The Development of Hadoop Database and Why It Is Important?

Introduction

Hadoop is generally, an open-source distributed processing framework which manages the processing of data and its storage for big data applications that run in clustered systems. It is the center of the growing ecosystem of big data technologies which are used to support advanced analytics initiatives, including data mining, machine learning applications, etc. It has the feature of handling the various forms of structured as well as unstructured data, providing more and more flexibility for collecting, processing and analyzing data when compared to the relational databases and data warehouses provide.

Development of Hadoop Database

Hadoop, formally known as Apache Hadoop technology which was developed as a part of an open-source project within the Apache Software Foundation in November 2012. It was created by computer scientist Doug Cutting and Mike Cafarella to support processing in the Nutch open source search engine and web crawler. After the Google published technical papers detailing Google File System (GFS) and MapReduce programming framework in 2003 and 2004, the founders modified earlier technology plans and later developed a Java-based MapReduce implementation and a file system modeled on Google. In early 2006, when Apache became a separate subproject, Cutting named it Hadoop after his son’s stuffed elephant. In the same year, Cutting was hired by internet services company Yahoo, which later became the first production user of Hadoop. 

However, Hadoop also became the foundational data management platform for big data analytics after it emerged in the mid-2000s. After the Hadoop framework grew over the next few years, three independent Hadoop vendors were founded Cloudera in 2008, MapR in 2009 and Hortonworks as a Yahoo spinoff in 2011. Also, Amazon Web Services AWS launched a specific Hadoop cloud service in 2009 which is called as Elastic MapReduce. That was all before when the Apache released Hadoop 1.0.0, which became available in December 2011 after a succession of 0.x releases. Currently, commercial distributions of Hadoop are offered by mainly four primary vendors of bigdata platforms such as Cloudera, MapR technologies, Amazon Web Services (AWS), and Hortonworks. Also, Microsoft, Google and some other vendors are offering cloud-based managed services which are built on the top of Hadoop and its related technologies.

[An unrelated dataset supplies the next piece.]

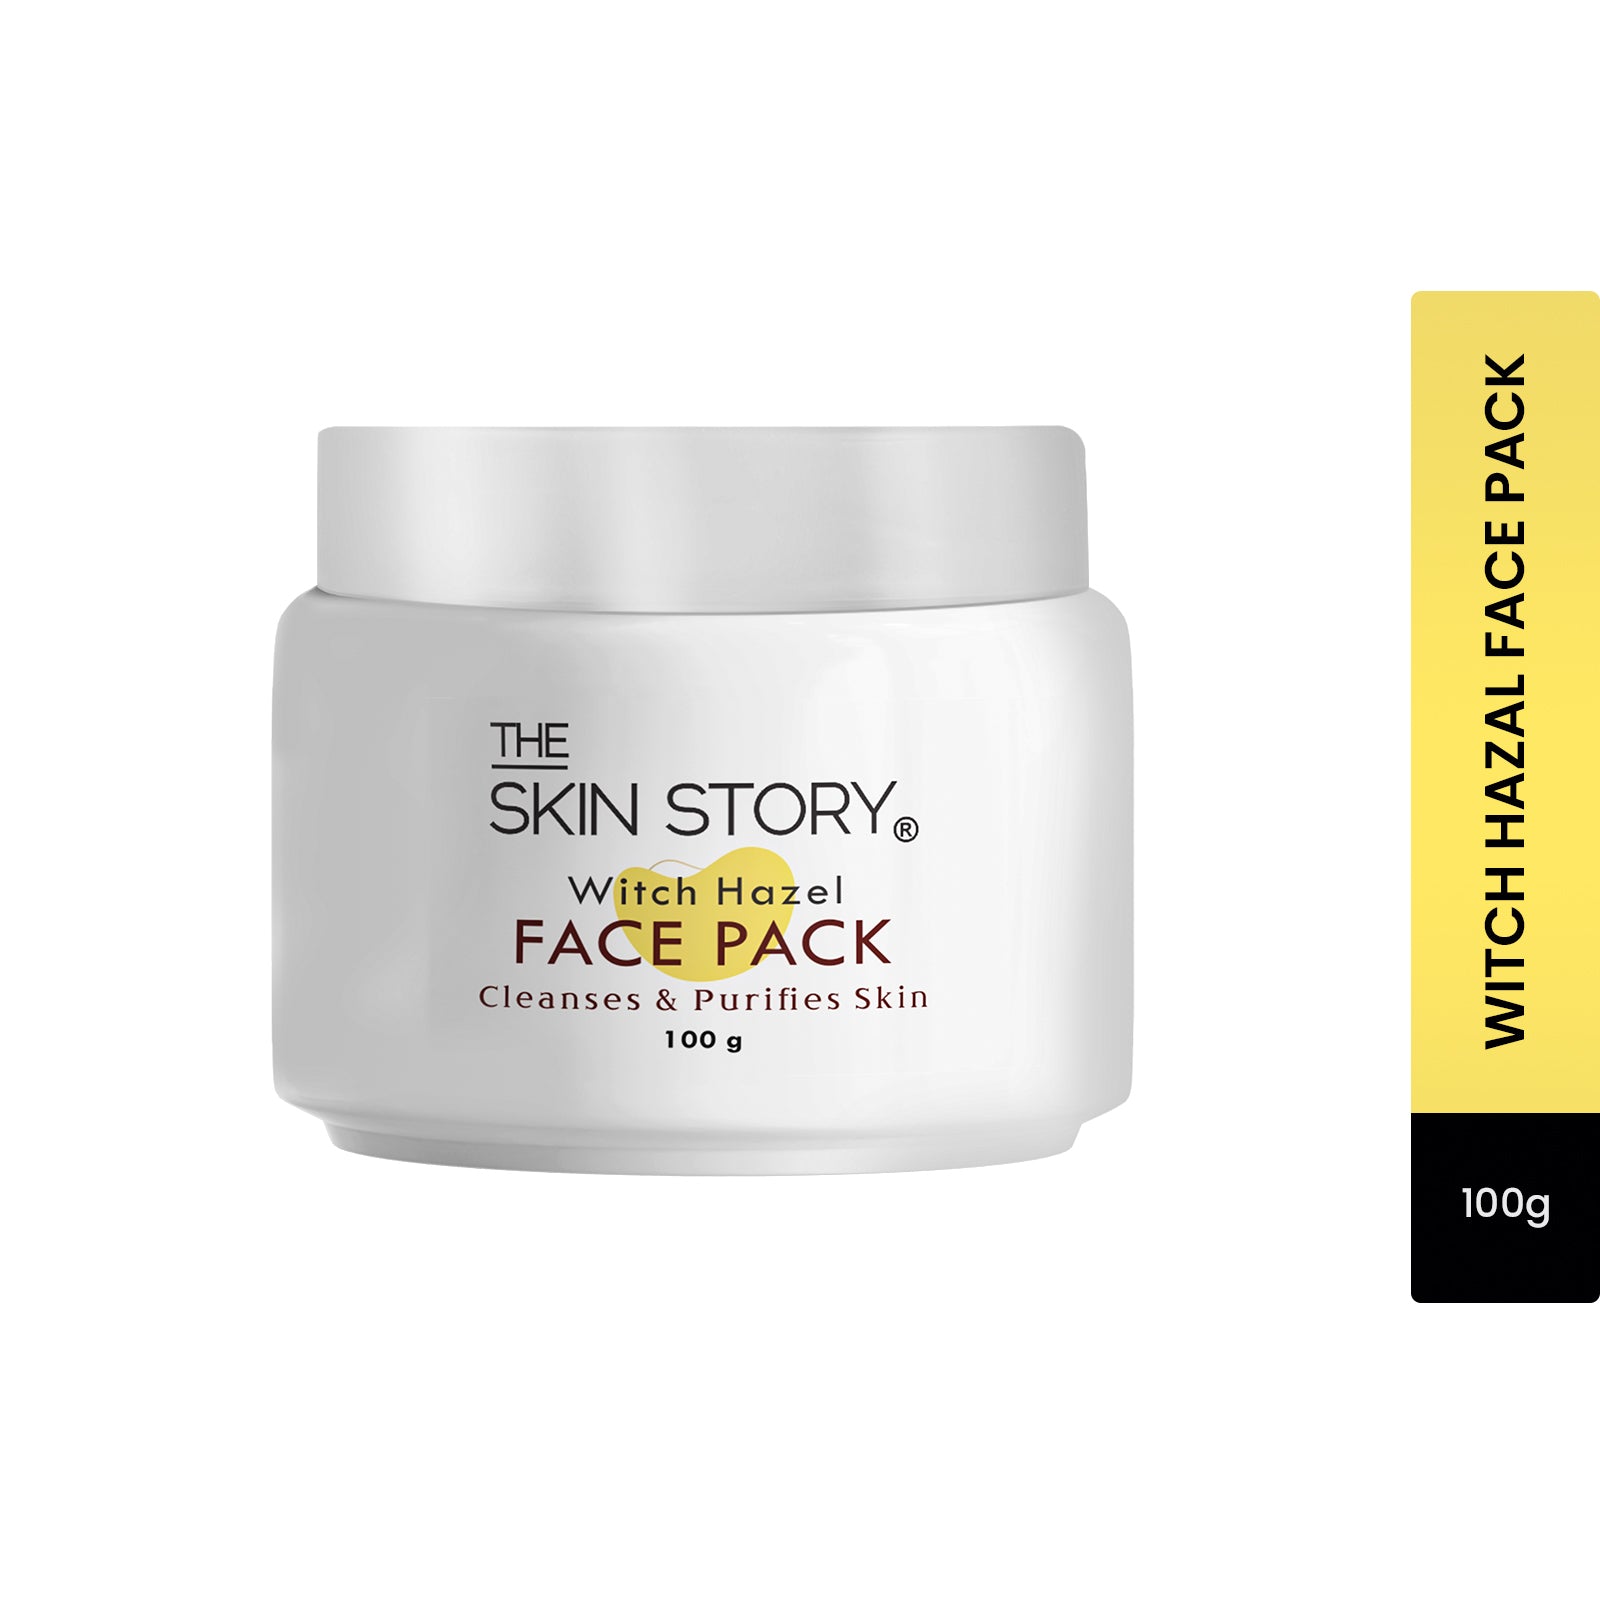 The Skin Story Deep Cleansing Face Pack for Glowing Skin | French Multani Mitti| Normal to Oily Skin | Infused with Essential Witch Hazel | 100g

Various versions of the Hadoop database

In October 2013, Hadoop 2.0 is available and it is followed by version Hadoop 2.2.0. The Hadoop 2.3.0 is available on February 20, 2014. The Hadoop 2.0 series added high availability and federation features for Hadoop Distributed File System, also support to run Hadoop clusters on Microsoft Windows servers and other capabilities which were designed to expand the distributed processing framework’s versatility for big data management and analytics. Hadoop 3.0.0 was the next major version of Hadoop which was released by Apache in December 2017. The new version included support for Graphic processing unit and erasure coding and an alternative to data replication which requires significantly less storage space. Usually, there are four basic or core components of Hadoop namely; Hadoop Common, Hadoop Distributed File System, Hadoop YARN and Hadoop MapReduce.

IMPORTANCE OF HADOOP

Data processing and storage

Hadoop is essential because it can store and process large as well as complex amounts of structured and unstructured data very quickly and efficiently.

The data does not have to be preprocessed before it is stored. While the organizations can store as much data they want to, including unstructured data like text, videos and images and can even decide how to use it later.

Data analysis and handling

Hadoop can analyze the data in real-time to enable better decision making.

It is scalable. Hence, companies can add notes to enable their systems to handle more and more data.

The application and data processing in Hadoop is protected against hardware failure. So, if by chance one node goes down, jobs are redirected automatically to the other nodes to ensure that the distributed computing does not fail in any case, leading to a lesser number of failures.

Conclusion

Hadoop is an open source technology and these technologies come free of cost, requiring a lesser amount of money for implementing them.

You can also raise the size of a cluster from single machine to thousands of servers without the use of administering extensively, using this big data tool.

It poses a great computational ability as it enables fast processing of big data with multiple nodes running in parallel.